By Shaikh Azizur Rahman

Since entering India in 2017, Rohingya refugee Noor Mohammad and his wife have been forced to move at least a dozen times to escape unsafe conditions in the refugee camps and to avoid deportation.

Over the past seven years, shanties where they lived were destroyed twice when unexplained fires swept through Rohingya refugee camps in the northern Indian cities of Jammu and Nuh.

“Hindu leaders ordered us to vacate different areas a number of times in north India. They also threatened to retaliate with violent consequences if we disobeyed them,” Mohammad told VOA this week from an unidentified city in southern India.
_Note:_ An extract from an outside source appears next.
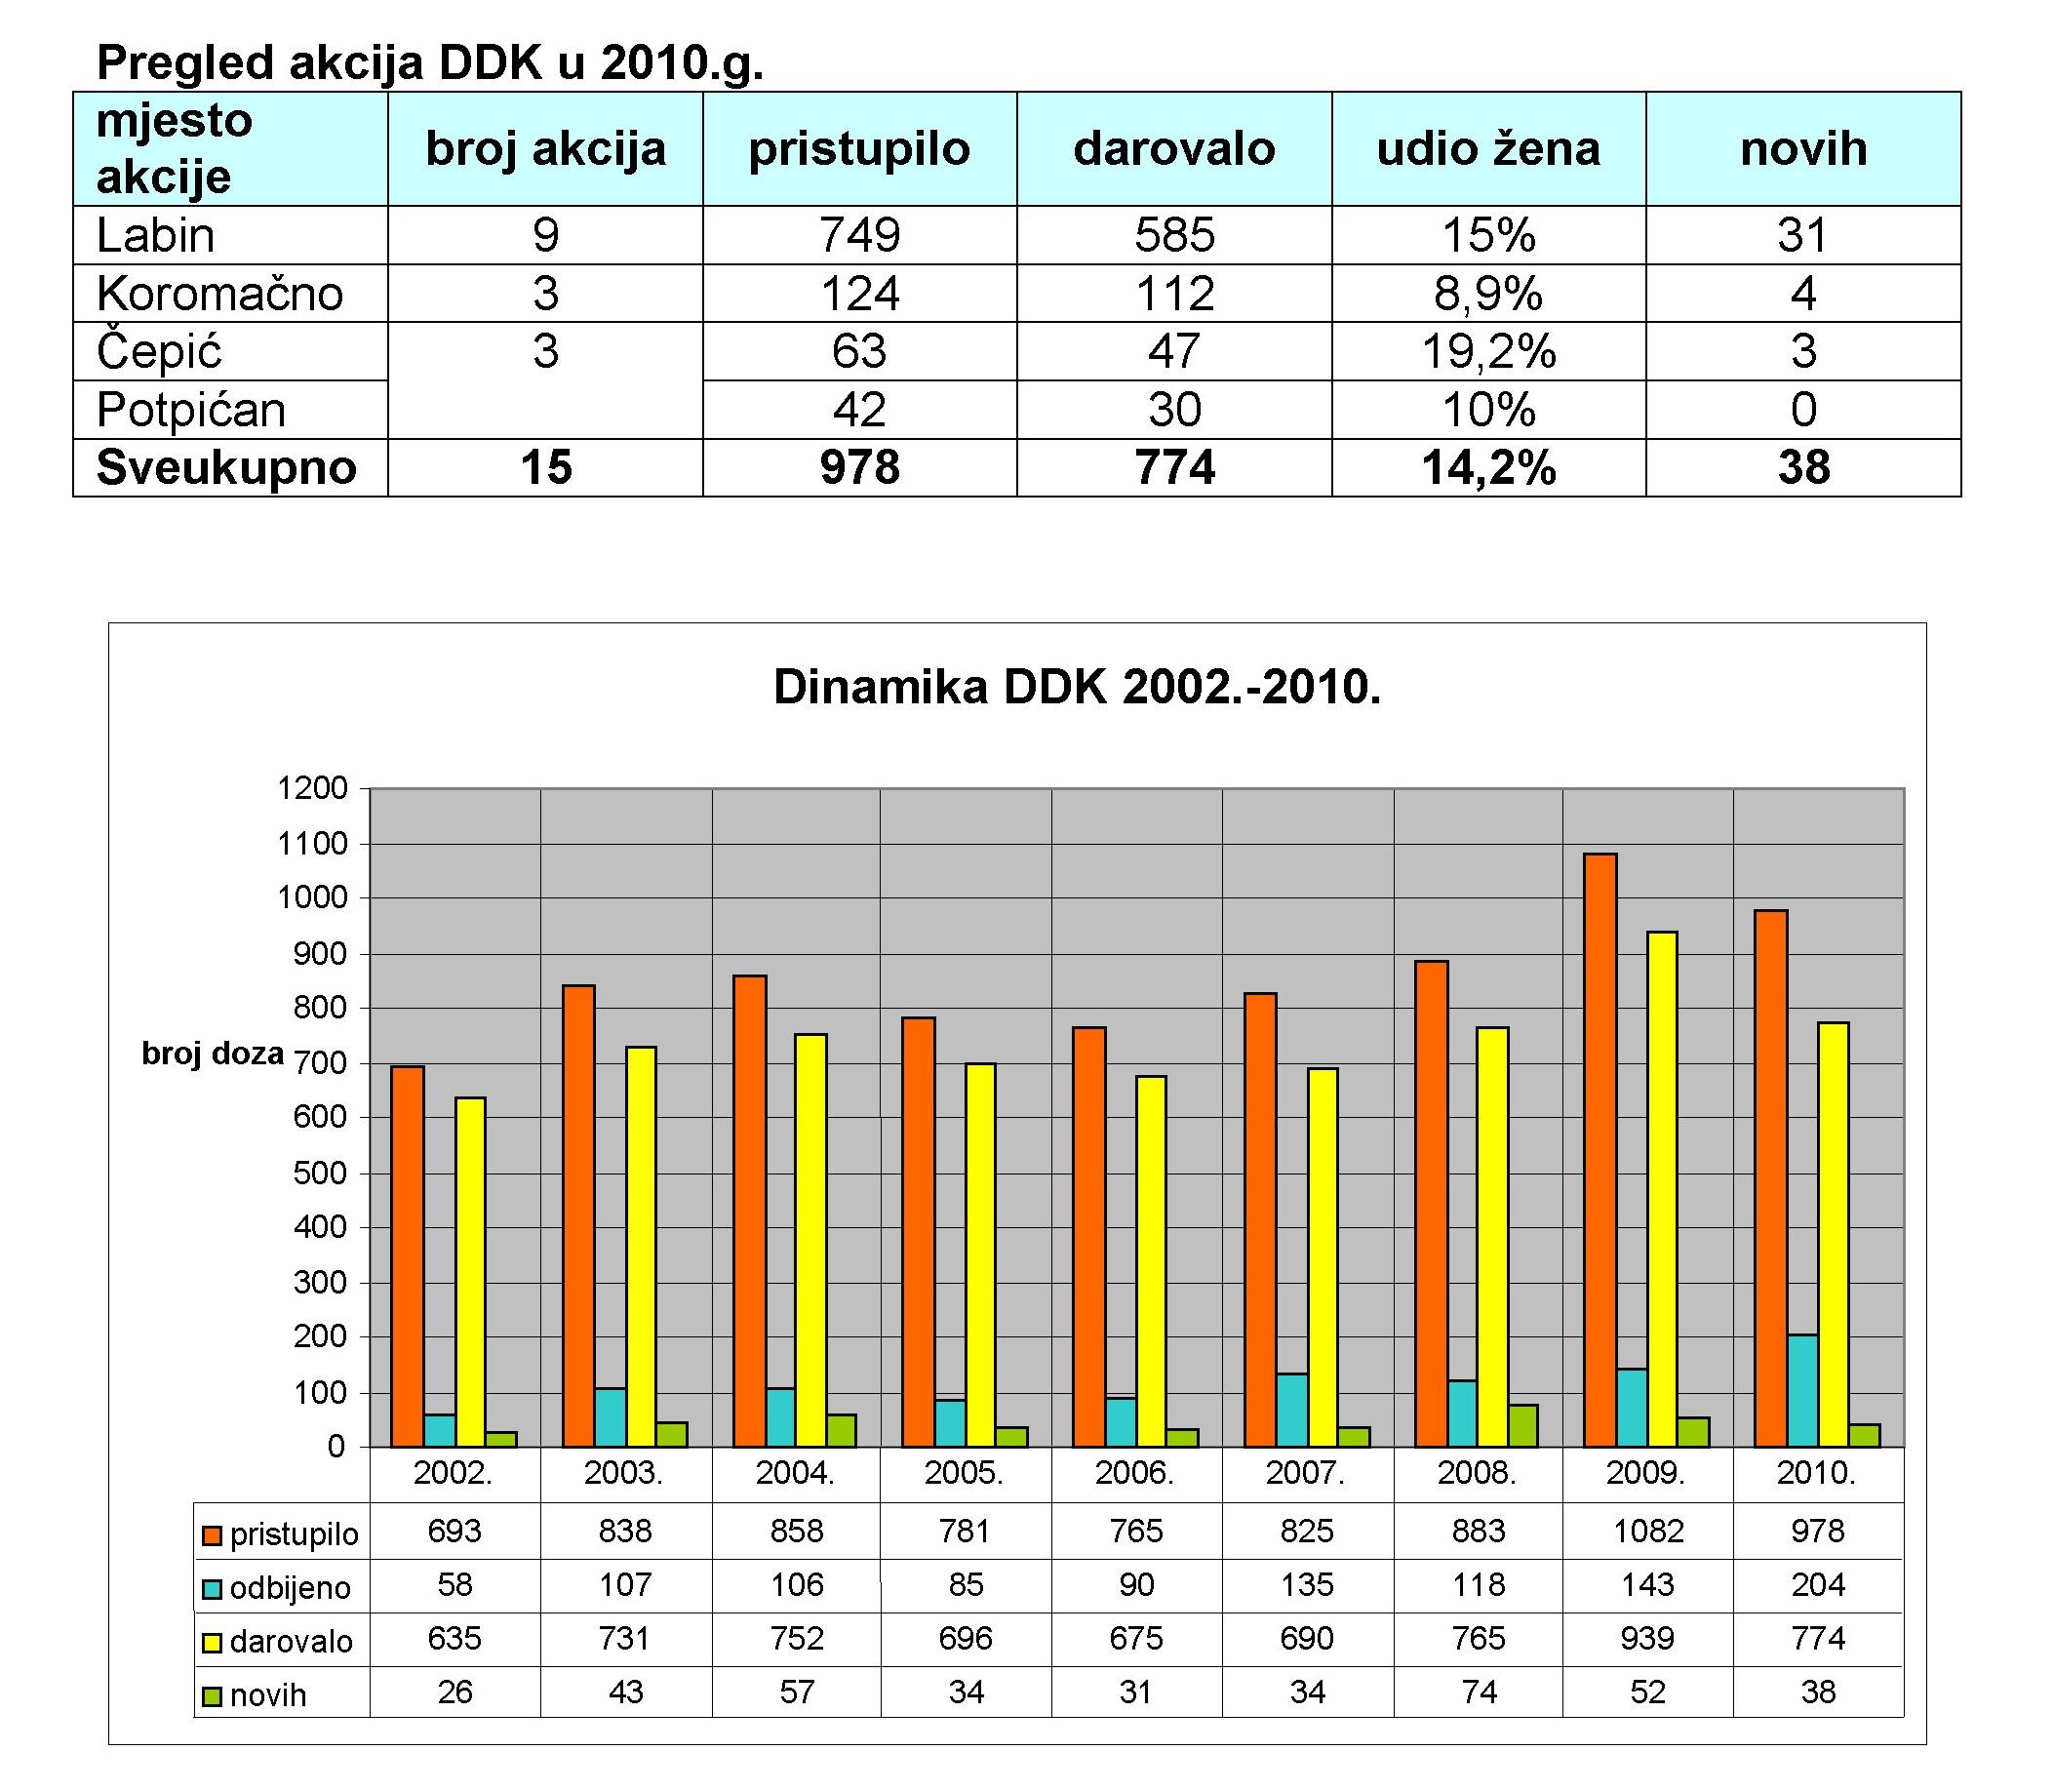 ddk-2010

“The police arrested some Rohingya on charges of illegal entry into India. To evade arrest and possible deportation with my children and wife, I kept moving from one area to another. Now, I have taken shelter in an urban slum and have gone underground,” said Mohammad, 37, who migrated to India following a military crackdown in Myanmar that forced more than 700,000 Rohingya to flee to Bangladesh.

For more than 50 years, minority Rohingya Muslims have fled to neighboring countries, including Bangladesh and India, to escape persecution and discrimination in Buddhist-majority Myanmar. But in recent years in India, the Rohingya refugees have been detained by police for illegal entry and threatened with deportation.

Last week, the United Nations Committee on the Elimination of Racial Discrimination called on India to end the arbitrary detention and forcible deportation of Rohingya refugees to Myanmar, where they would “risk being subjected to serious human rights violations and abuses.”